Um bom livro para um leigo (a) – como eu! – entender um pouquinho sobre como o acaso determina nossas vidas, chama-se “O andar do Bêbado“, escrito pelo físico estadunidense Leonard Mlodinow, e publicado no Brasil pela Editora Zahar, em 2011. Eu o li e recomendo. É muito interessante e bem divertido. E, para aqueles que gostam de cinema, valerá assistir ao filme alemão, “Corra Lola, Corra”, escrito e dirigido por  Tom Tykwer e, também, ao filme brasileiro “A dona da história”, com direção de Daniel Filho. Ambos os filmes são românticos, mas de certa maneira demonstram o acaso na vida das protagonistas e as variadas possibilidades de escolhas e caminhos que se tem de fazer para seguir vivendo feliz.

 O andar do Bêbado001  Corra Lola, corra001  A dona da história001

Bodas de papel001Serendipity. Você conhece essa palavra inglesa, surgida no Séc. 18? Eu gosto dela. Significa a possibilidade de se fazer uma boa descoberta por acaso, enquanto se busca descobrir outras coisas. Foi assistindo ao filme brasileiro “Bodas de Papel” (2008), dirigido por André Sturm, que ouvi essa palavra pela primeira vez. Mas, depois soube que, no ano de 2001, foi lançado um filme estadunidense, cujo título era exatamente “Serendipity“, e cuja tradução foi “Escrito nas Estrelas“. Na vida dos cientistas fármaco-químicos o fenômeno serendipity ocorre algumas vezes quando, estando pesquisando e buscando um determinado princípio ativo para tratamento de determinada doença, acabam descobrindo a solução para outra doença que não estava na pauta. Felizmente.

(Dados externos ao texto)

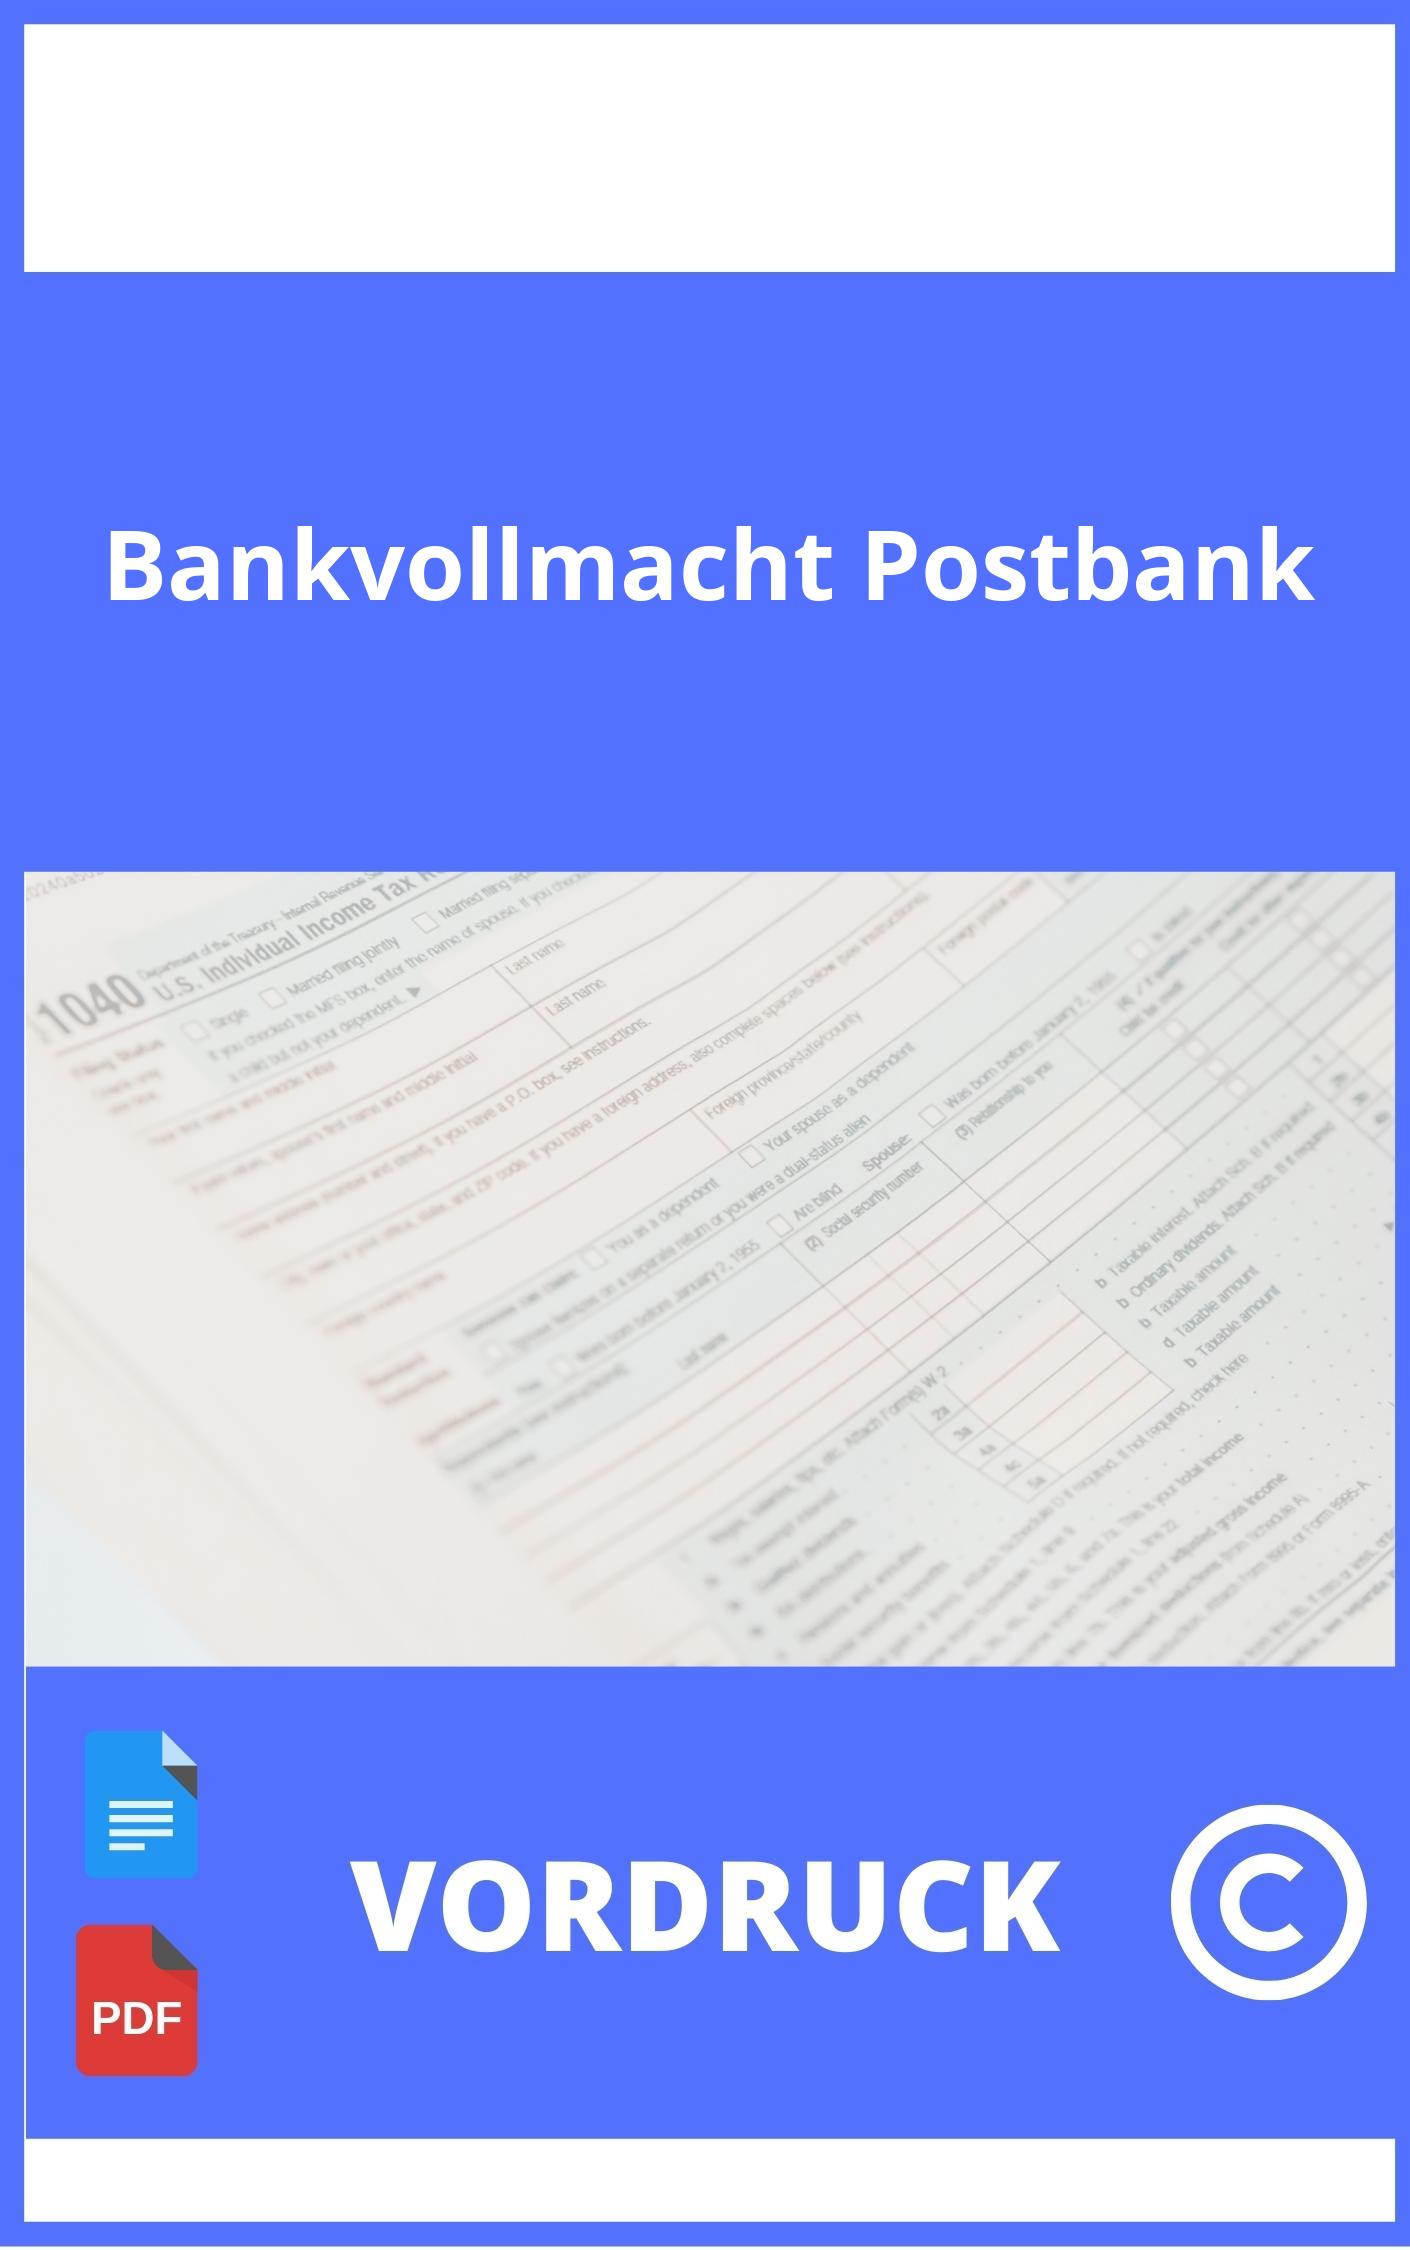 Vordruck Bankvollmacht Postbank

Foram muitas as vezes em que na minha vida fui protegida pela sorte proveniente do acaso. Outras vezes não tive sorte, mas azar. E, como todos sabemos, “Os azares vem aos pares“…, portanto, muita atenção ao conduzir o barco de sua vida. Use e abuse do seu cérebro, visualizando as possibilidades das coisas darem certo ou errado. Cuide-se bem, pense muito, planeje e estude sempre. Sonhe, porém sem tirar os pés do chão. Compartilhe coletivamente suas descobertas. Se por acaso você for uma pessoa religiosa, valerá rezar, orar ou meditar também. Parafraseando o poeta português Fernando Pessoa, tudo valerá a pena, se acaso a nossa alma não for pequena para enfrentar as turbulências provocadas pelo imponderável em nossas vidas.

Boa sorte para você!

Inês do Amaral Büschel, em 24 de março de 2013.